In developing recommendations on these issues, the commissioner consulted with several government agencies and private groups. Before submitting recommendations to the legislature, the commissioner published the recommendations in the State Register and gave the public at least 30 days to comment on them. The 2004 Legislature did not act on any of the recommendations. The report can be found at www.health.state.mn.us/oep/docs/2003_02_20_emergencyPowers.pdf.

Laws 2002, ch. 402, § 20.

MN Emergency Health Powers Act | Overview

This and any related posts have been adopted from the Minnesota House of Representatives Research Department’s Information Brief, The Minnesota Emergency Health Powers Act, written by legislative analyst Anna Bonelli.

2 Facility means any real property or any motor vehicle or other means of transportation. It does not include a private residence, so the governor does not have authority to procure private homes.
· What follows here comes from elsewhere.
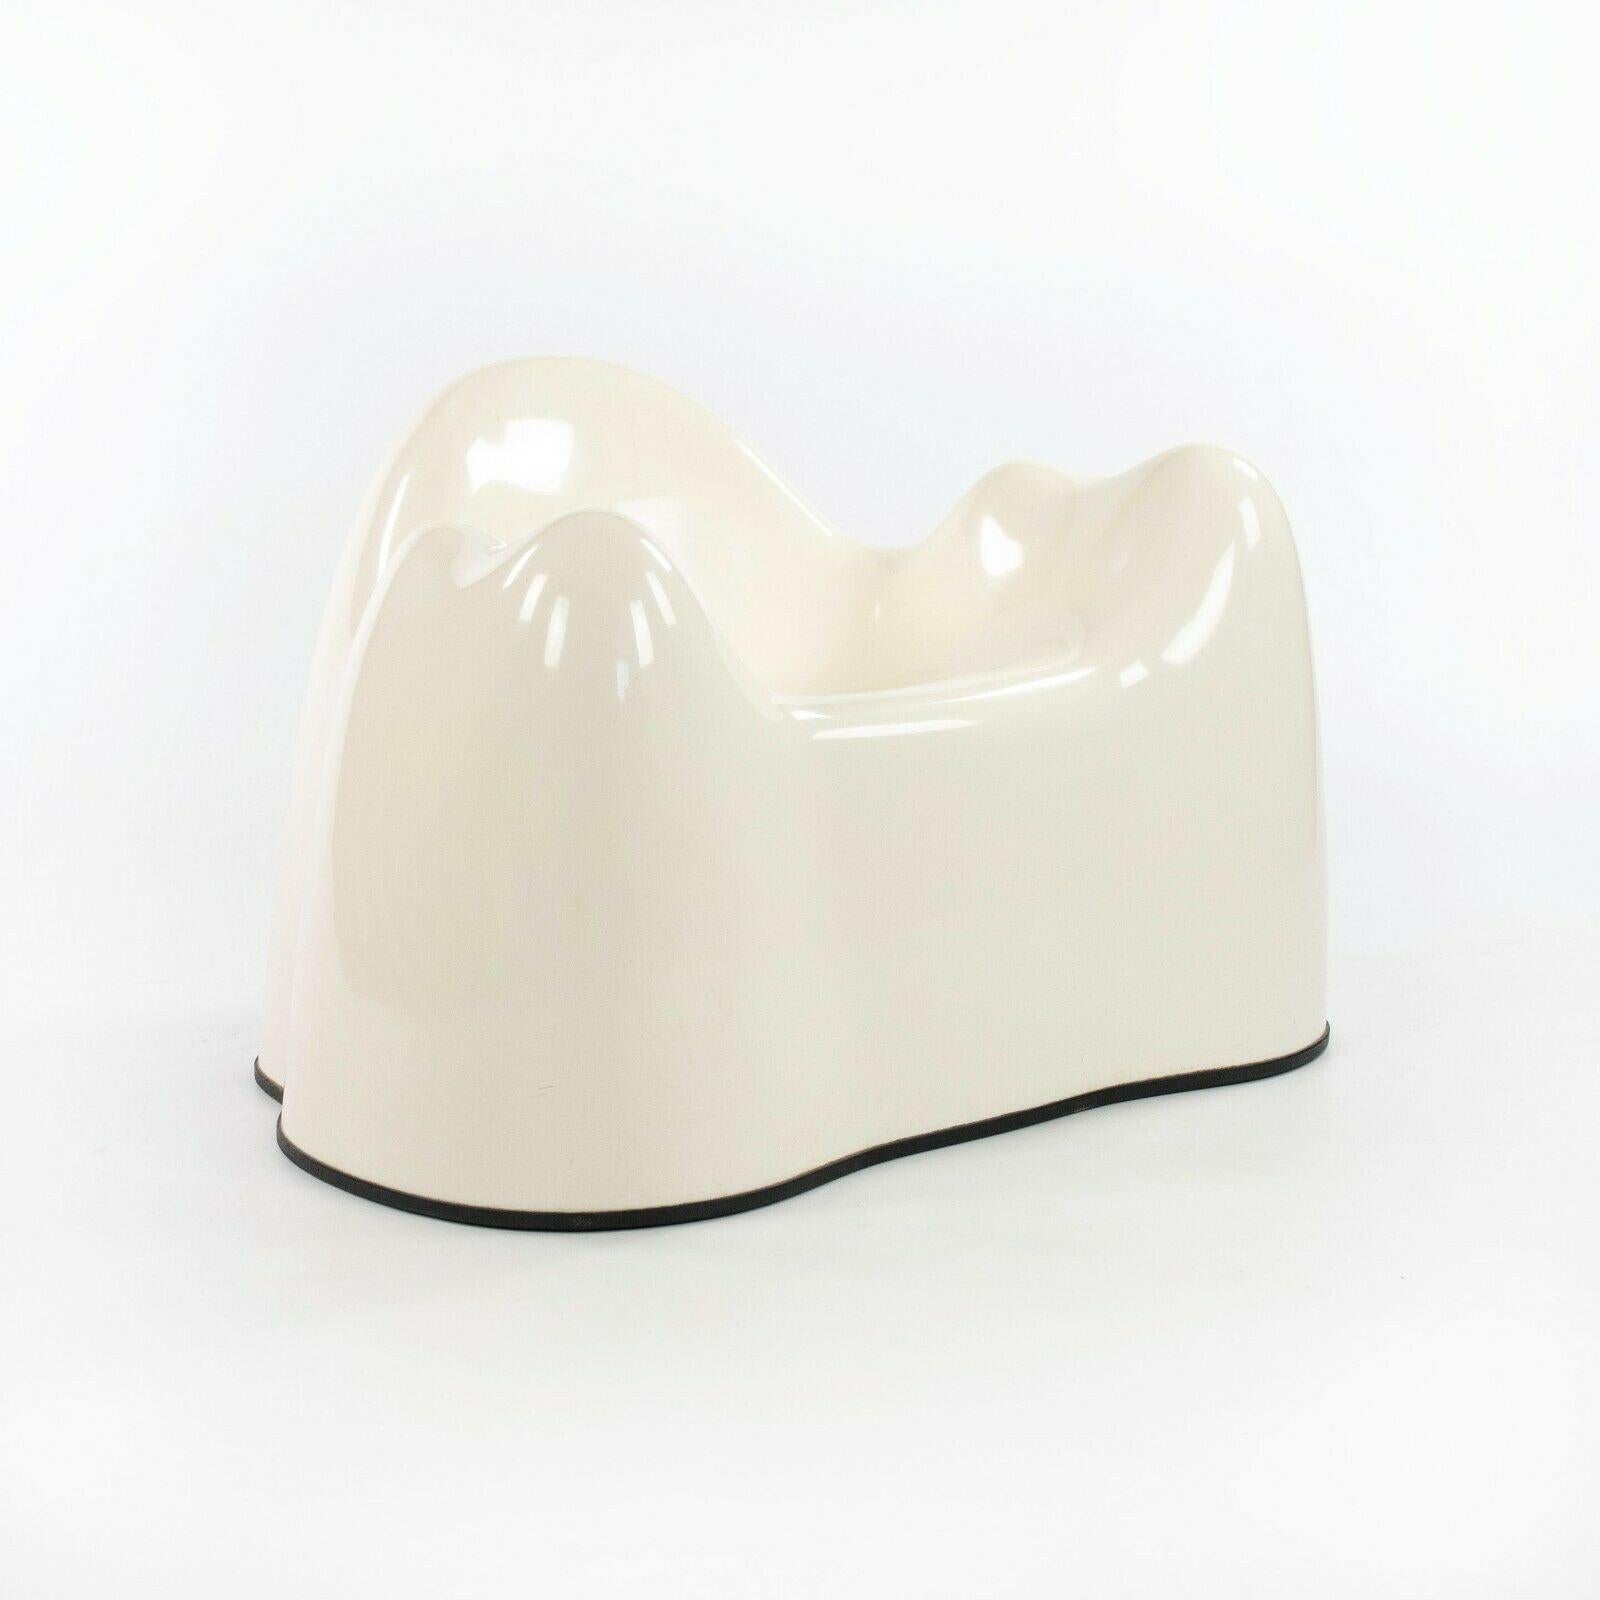 1970s Wendell Castle Molar Chair in Fiberglass by Northern Plastics of Syracuse In Good Condition For Sale In Philadelphia, PA

3 Medical supplies means any medication, durable medical equipment, instruments, or other material that a health care provider deems not essential to the continued operation of the provider’s practice or facility. It does not include medication, durable medical equipment, or other material that is an individual’s personal property being used by that individual or that an individual has borrowed, leased, or rented for treatment or care; these types of supplies cannot be commandeered.

4 See footnote 2 for a definition of facility.

5 A disease is directly transmitted if it is sexually transmitted, bloodborne, or transmitted through direct or intimate skin contact.